Would you copy, word for word, each line from the one with "Soccer Club Friendly" to the end of the listing below, skipping all pictures?

**Dataset section:**
::::::::
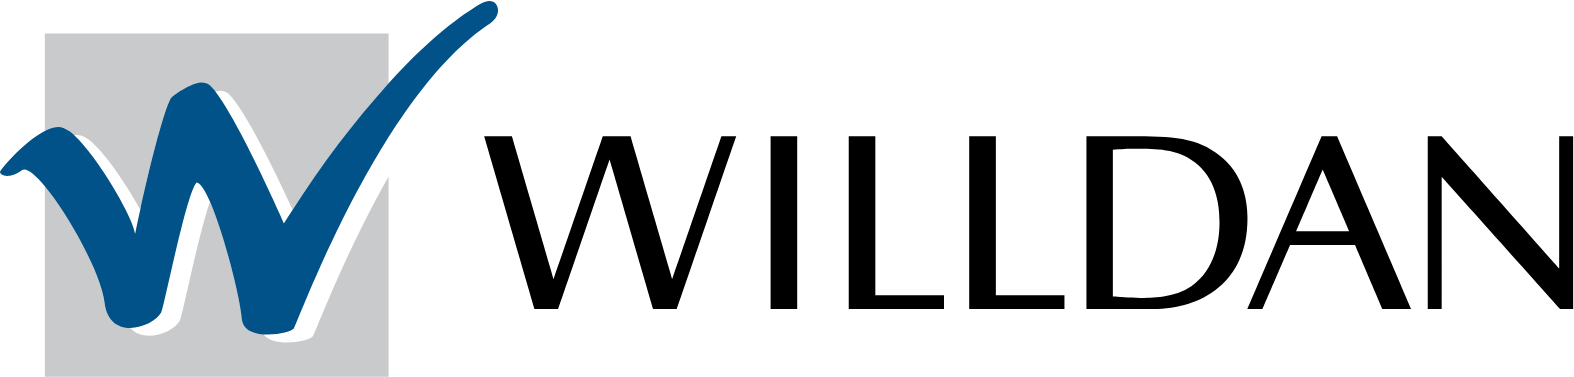 Willdan Group
 logo large (transparent PNG)
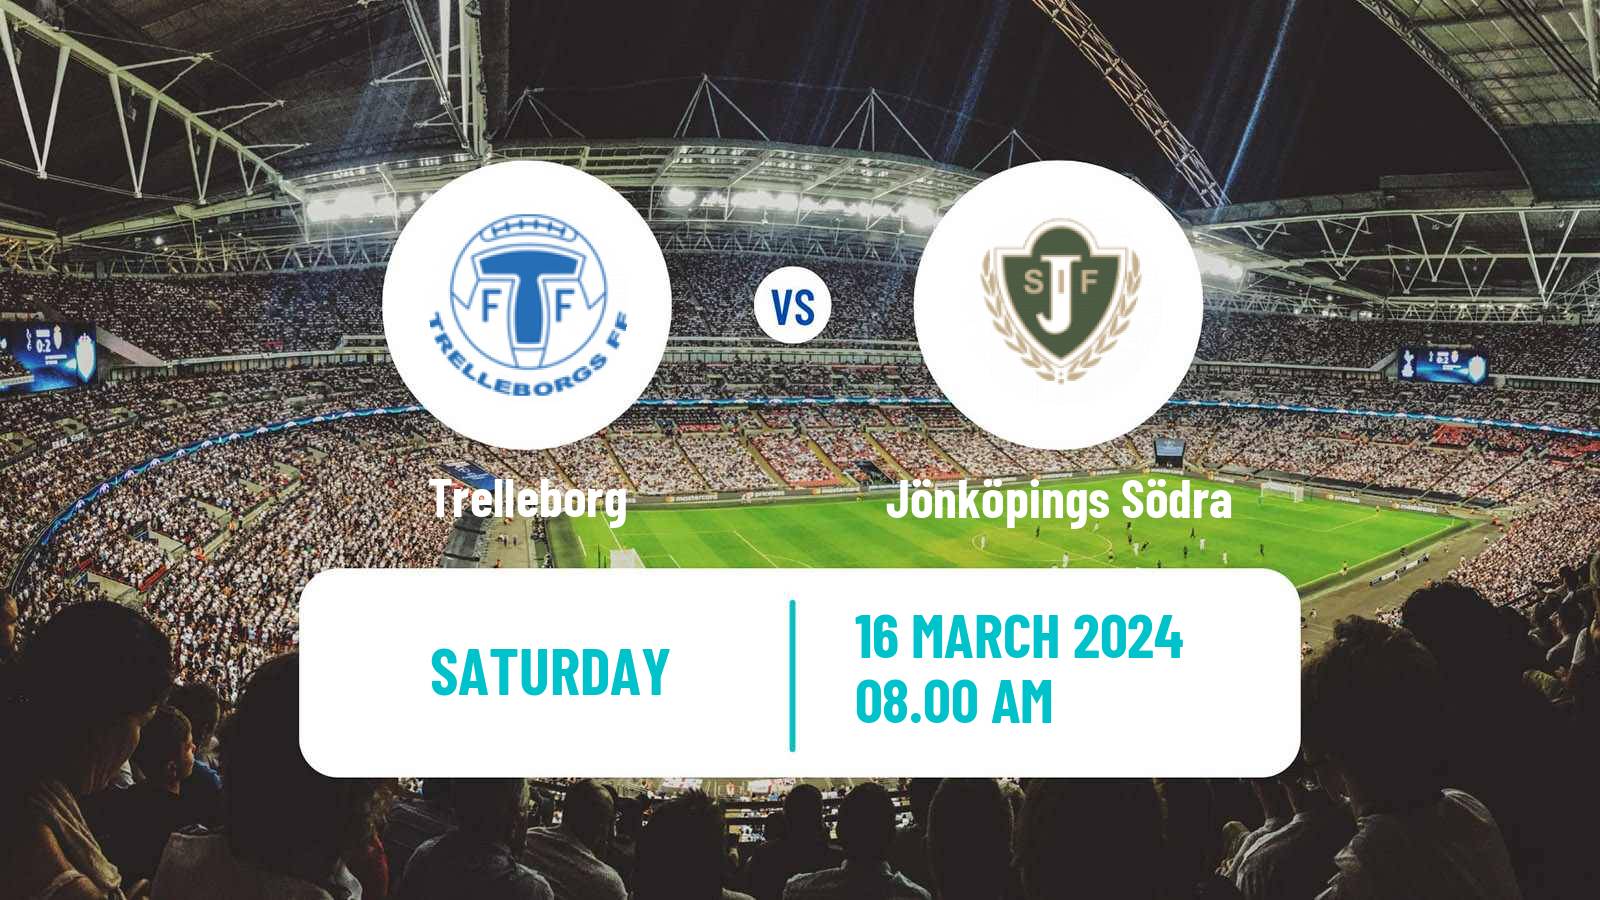 Soccer Club Friendly Trelleborg - Jönköpings Södra
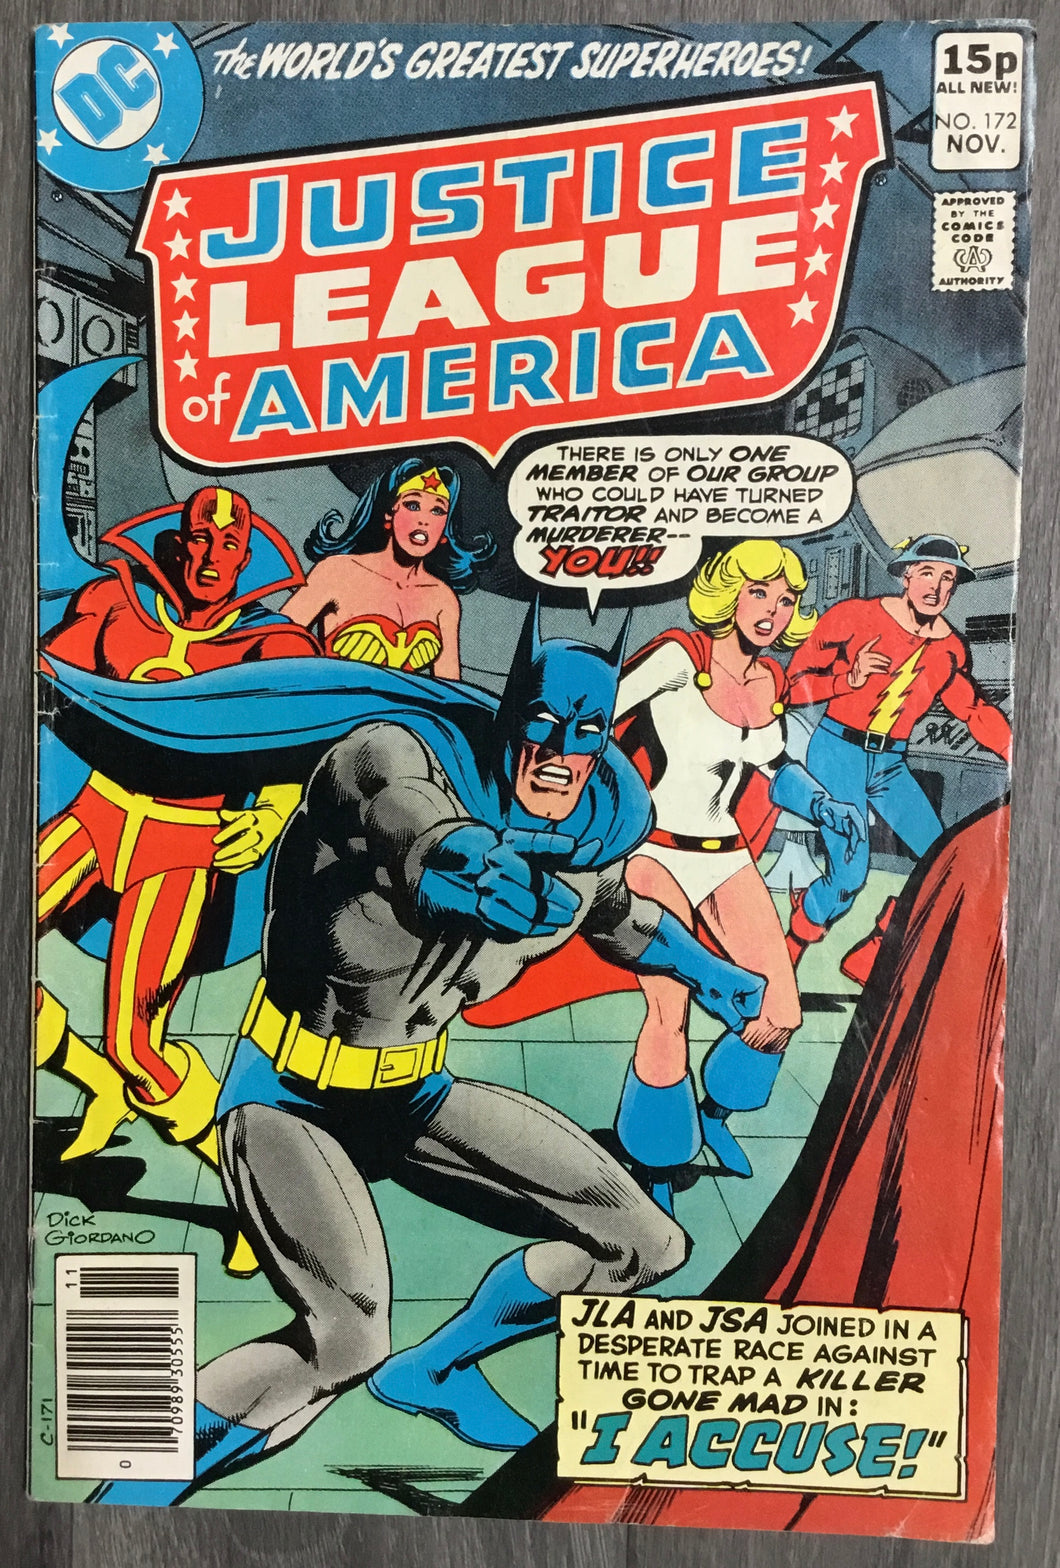 Justice League of America No. #172 1979 DC Comics
::::::::
**Solution for this exercise:**
 Soccer Club Friendly Trelleborg - Jönköpings Södra
 Justice League of America No. #172 1979 DC Comics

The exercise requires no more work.